A properly braised cheek doesn't shred — it yields. Press it with a fork and it falls into glossy ribbons.
How Crown cooks it
Long, low, sealed in moisture. Aromatics — onion, garlic, bay, a few whole spices — and just enough liquid (chiles, broth, citrus) to carry flavor without diluting it. No pressure-cooker shortcuts; pressure cooking gets you tender, but it doesn't get you that silky, glossy texture that defines a great cheek.

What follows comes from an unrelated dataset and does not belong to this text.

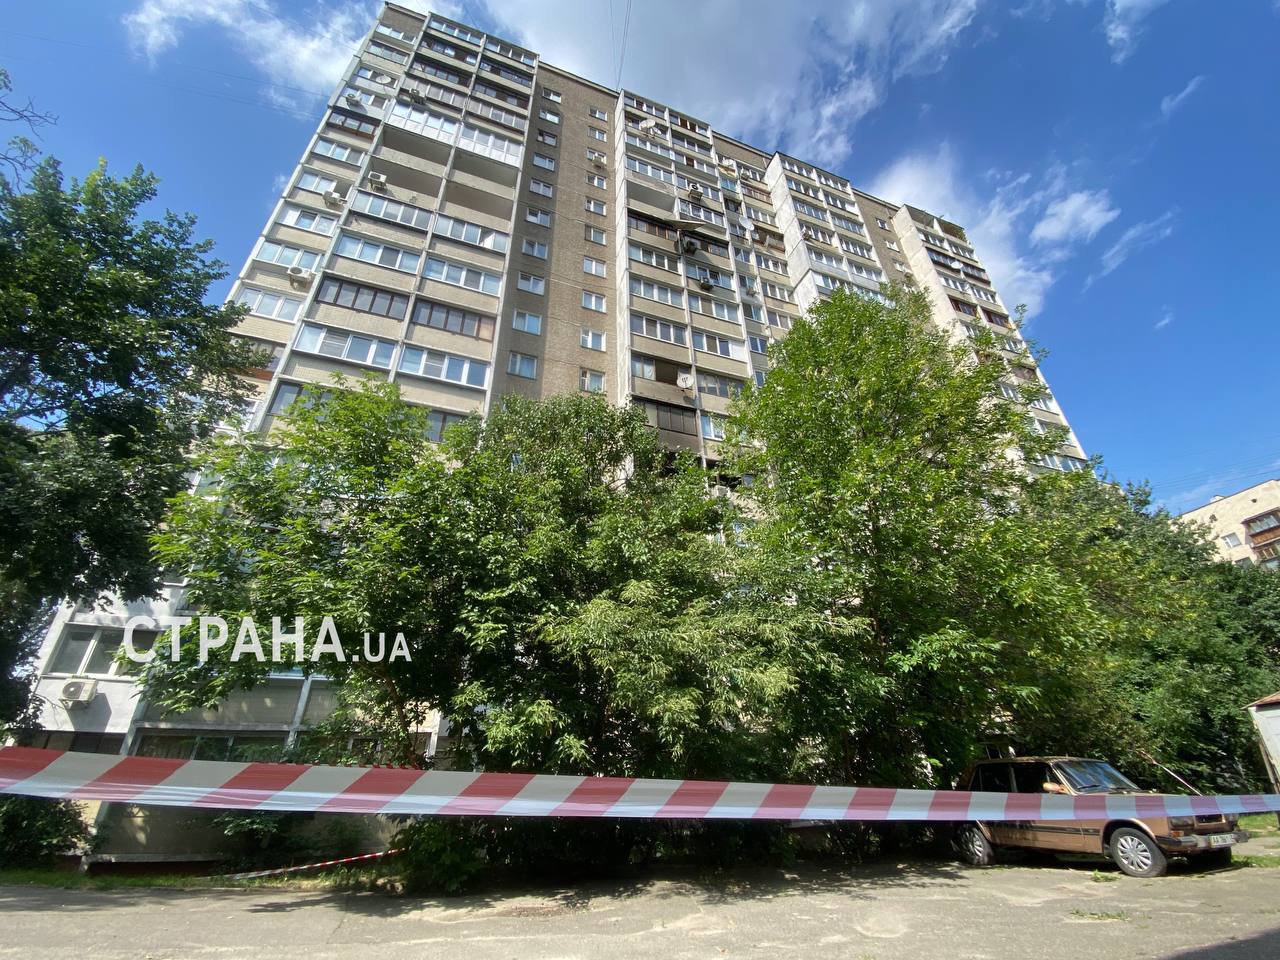 Дом в Шевченковском районе Киева, пострадавший в результате ночной атаки

The cooking liquid reduces alongside the meat, so the finished cachete is glazed in its own intensified juices. We don't add extra sauce because we don't need to.
How to eat it
This is a taco that wants to be respected:
- A warm handmade corn tortilla.
- A small pile of white onion and cilantro.
- A squeeze of lime.
- A salsa with acid or smoke — never anything that overpowers.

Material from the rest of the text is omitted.